What if all stories were three paragraphs max?
Kevin Matthews writes over at his blog:
(…) we know from reader research that readers very rarely get beyond the third paragraph.
What’s more, reader comments are becoming as important to the audience as the story.
So, if reader behaviour surveys are to be believed, most readers will read the start of the story and skip to the comments below.
I commented that this could be seen as a case for journalists to write shorter stories for online and save the meat for the comments where they can truly engage with the readers. The more I think about it, the more things I can come up with for the plus side of such an approach.
Let’s see what it would look like. You’d have a website where every story is no longer than three paragraphs. That seems amply sufficient: you’d have the intro to tell people what the story is and a second paragraph to explain why it should matter to them. You’d also have a third paragraph for those stories where you just can’t go with only two, but those should be the exception not the rule.

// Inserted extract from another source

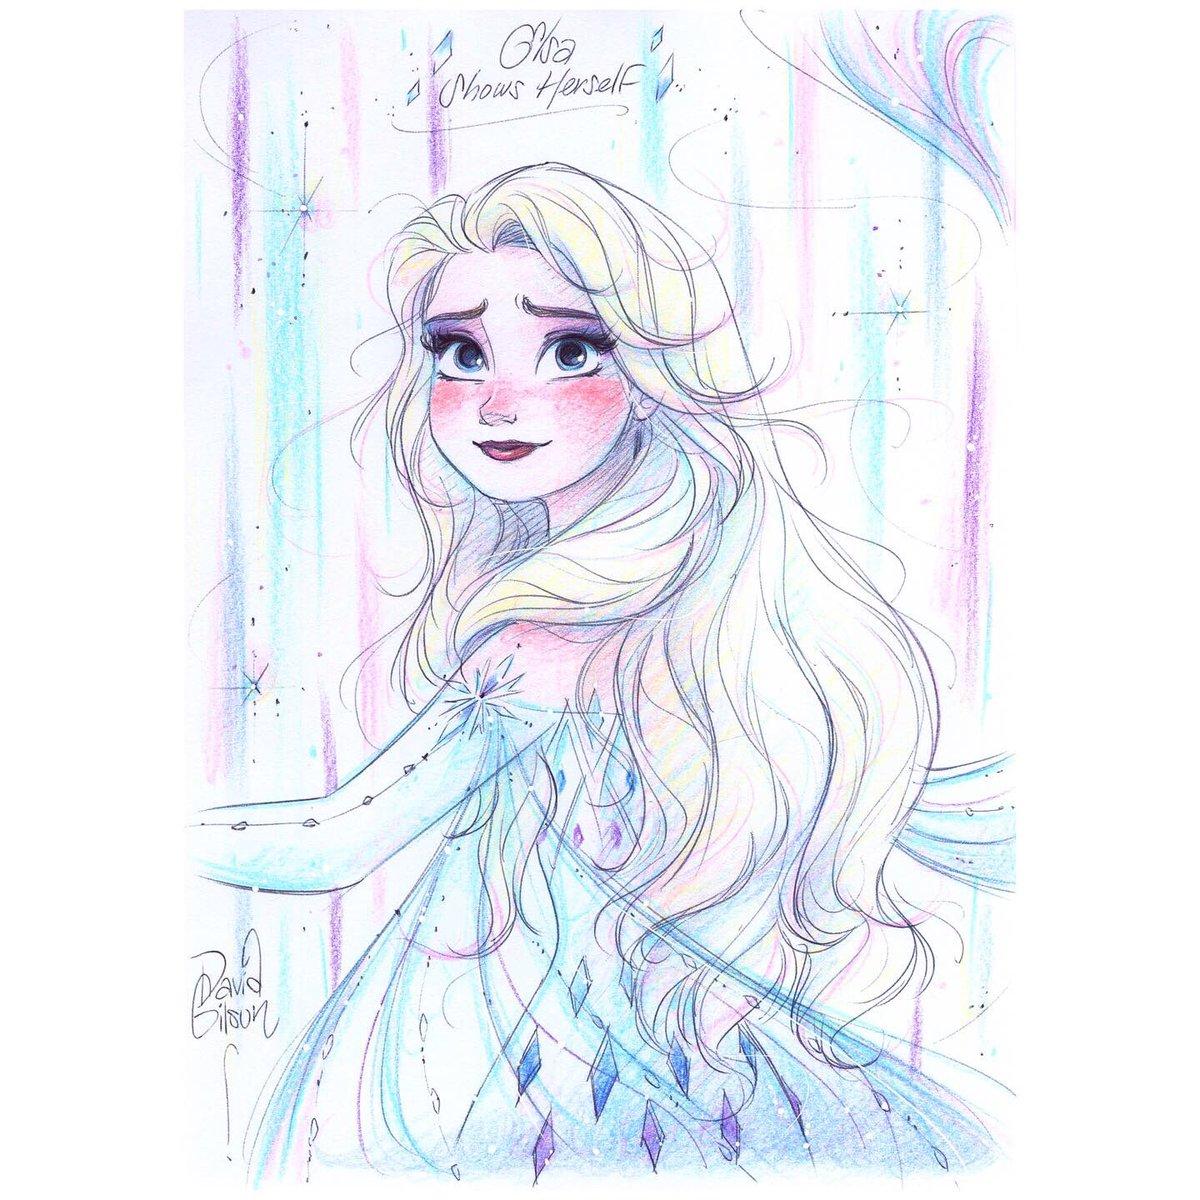 David Gilson On Twitter Dessin D Elsa Au Stylo Bille Et Crayons De Couleurs Vs Pouvez Retrouver Un Autre Dessin De Lareinedesneiges2 Sous Mon Trait D Autres Fanarts Disney Ds Mon Artbook
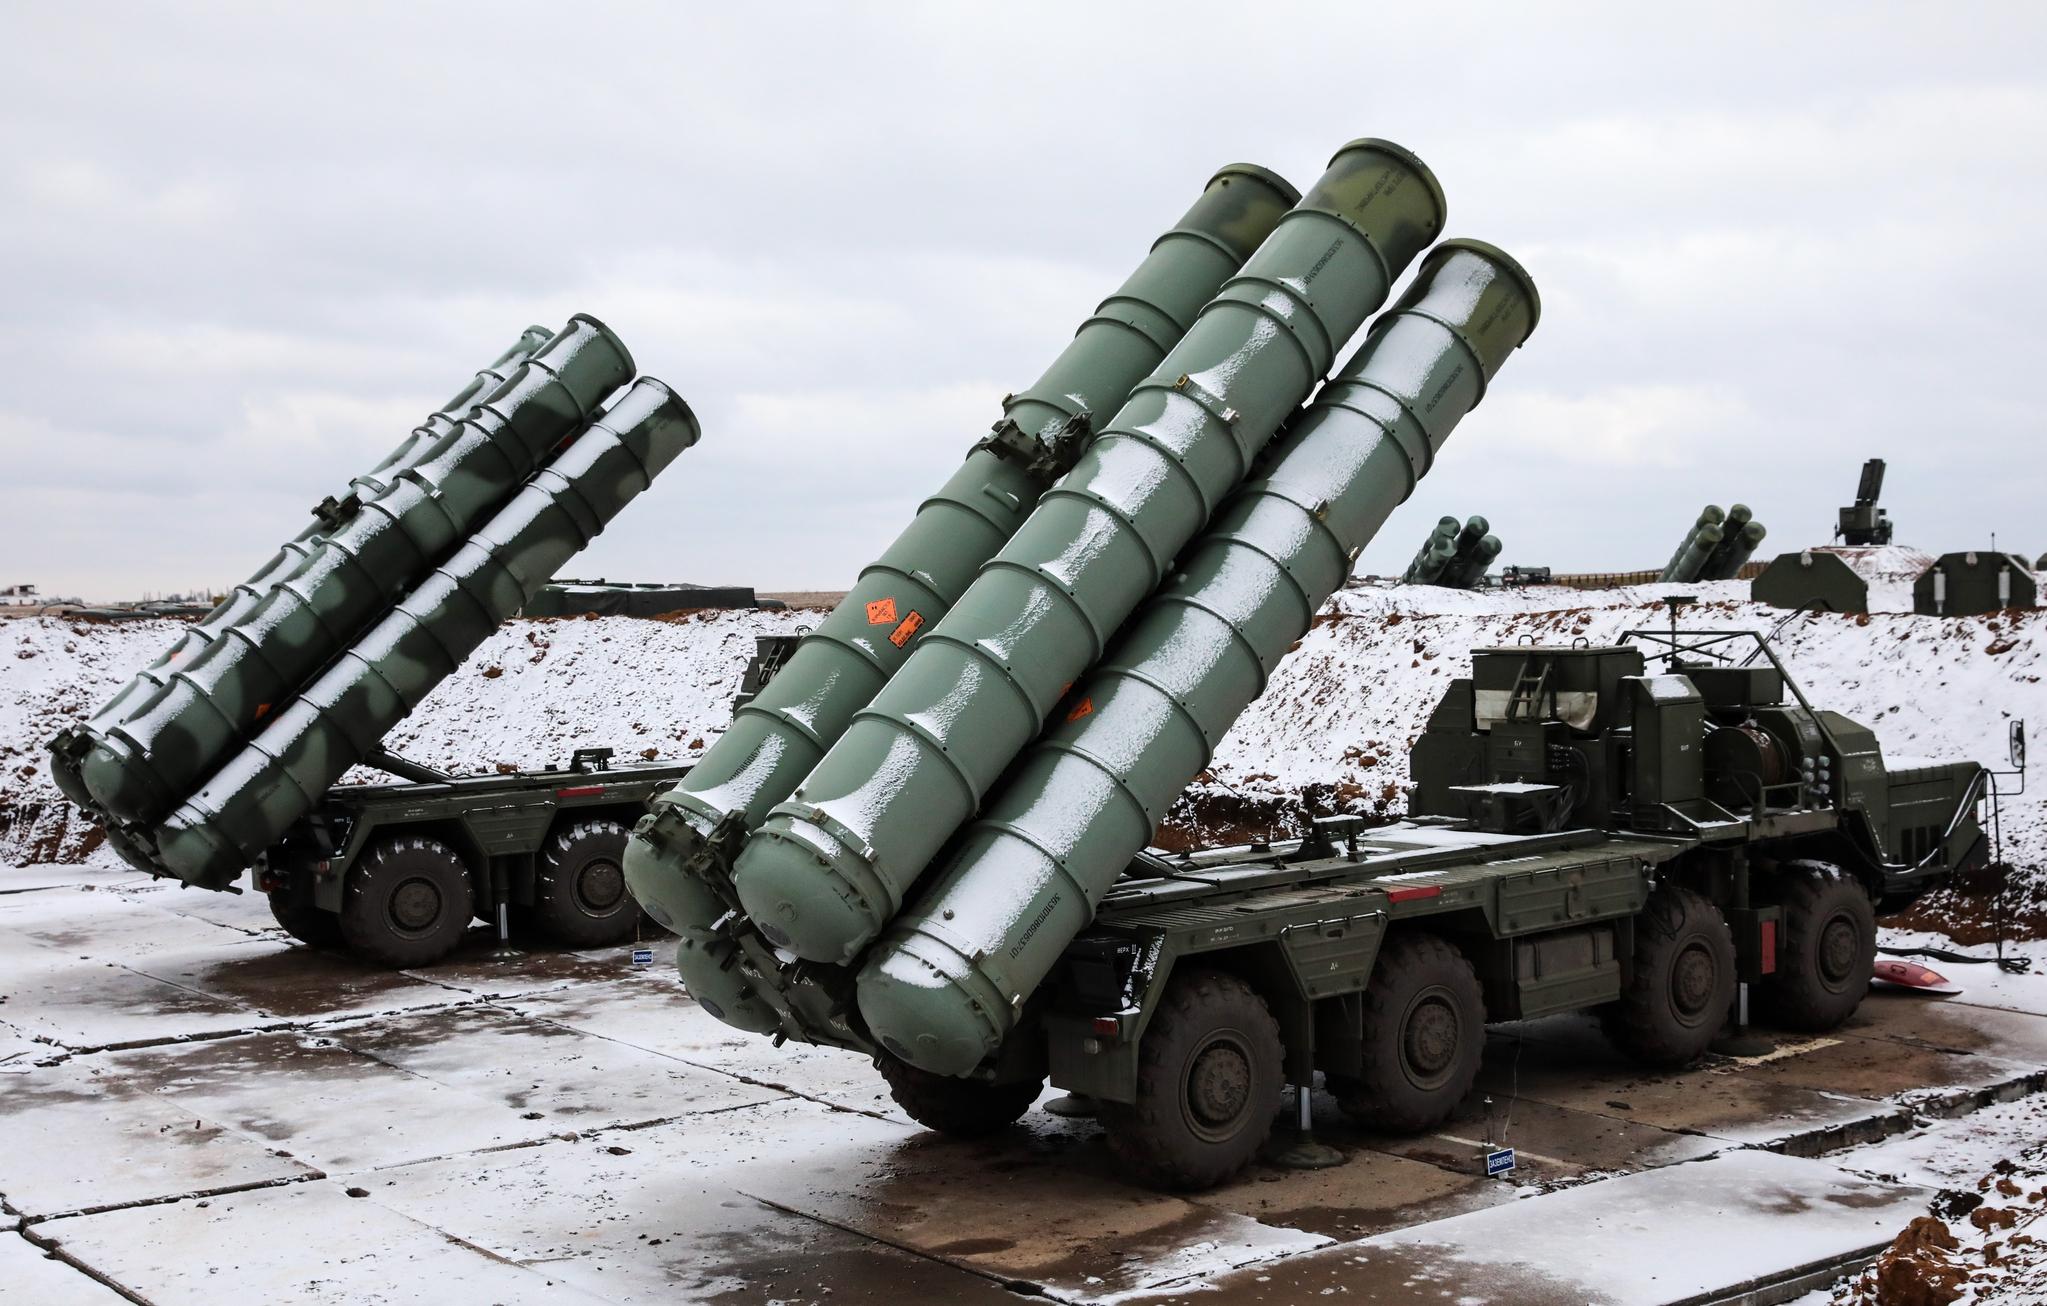 '러시아판 사드'로 알려진 최신형 지대공 미사일 시스템 'S-400 트리움프'. [TASS=연합뉴스]

Only the stories that attract at least some response from the readers will be pursued and expanded with background and meatier analysis in the comments. This would allow journalists to have a genuine conversation with their readers and would also be very efficient because each story would get minimum resources until proven worthwhile.
It could work, couldn’t it? In fact, I bet it is already working somewhere. I haven’t found where yet, but let me know if something comes to mind.
Tags: Kevin Matthews, story writing
It might work for some stories but I can’t see how it would work for all stories. For example, I’d like to see how this week’s Guardian/Trafigura/Cater-Ruck story could have been told in three pars, or the collapse of Lehman’s bank or other complicated stories about the global recession.
I do skim stories, often only the first two pars, but if the story is good and important and those two pars hold my attention, I’ll read on to the end, even if it’s a 2,000 word article.
Louise, sure, there will be stories that require more words. But I don’t think there will be many of them, at least compared with the total. I reckon 80-90% of stories could get the 3-paragraph treatment, which will be a relief in an overstretched newsroom.
Well I’m sure we can all think of at lesat one story in the 24 hours which would have been overwritten at 3 pars, can’t we Ms Moir.
Two things strike me. 1. Even if it never made the final publication, the 3 par rule would be a good training discipline and make writing the teasers a lot easier in the same way writing Bills improves headlines.
The other issue would be page views online – if the story is essentially contained in the headline and a slightly extended teaser, it would create poor usability to force users to click though for just a par and a bit. Stopping the click through would effectively reduce traffic by up to half so unlikely to be appealing to publishers even if it proves good for users.
Sarah, I guess people would click through to see the comments on stories that have any. You are certainly right — it would mean less content to place ads next to. But are not many news websites already having trouble selling their inventory. Cutting back on content could be useful to the publishers as well as to the readers. Finding out which content exactly to cut is a tough call, but I think reader engagement could be a gauge.
Of course, this is all oversimplified. That is why we need to see examples.
Dilyan, I do think we should try something like this. If you have a bright idea, do set an example for everyone else. Besides, if you want people to believe you, better show them than just talk.
And another thing comes to mind when I’m contemplating your three par proposal – the success of a news service built on 80-90% short stories would depend very much on your audience. I do not think that every target group would be satisfied with only 200 to 300 words. But if you target your product right, you might get a great response.
Interestingly, we’ve been doing a bit of this with our lead stories recently. Reader comments suggest they don’t even notice it’s a truncated version (implying they don’t miss the extra copy) and that four pars is plenty for us to give them the facts they feel they need. Certainly hasn’t impacted on our page impressions or comments.
I don’t know if we could do our job properly with four pars on every story (a bit like listening to BBC Radio One news, you never get the nuances) but I’m not sure that the readers would necessarily notice. My preference would be to combine it with a “for more on this story” when the subject merits it, and the “more” would be the reporter’s background and archive material that built up as the story developed over time.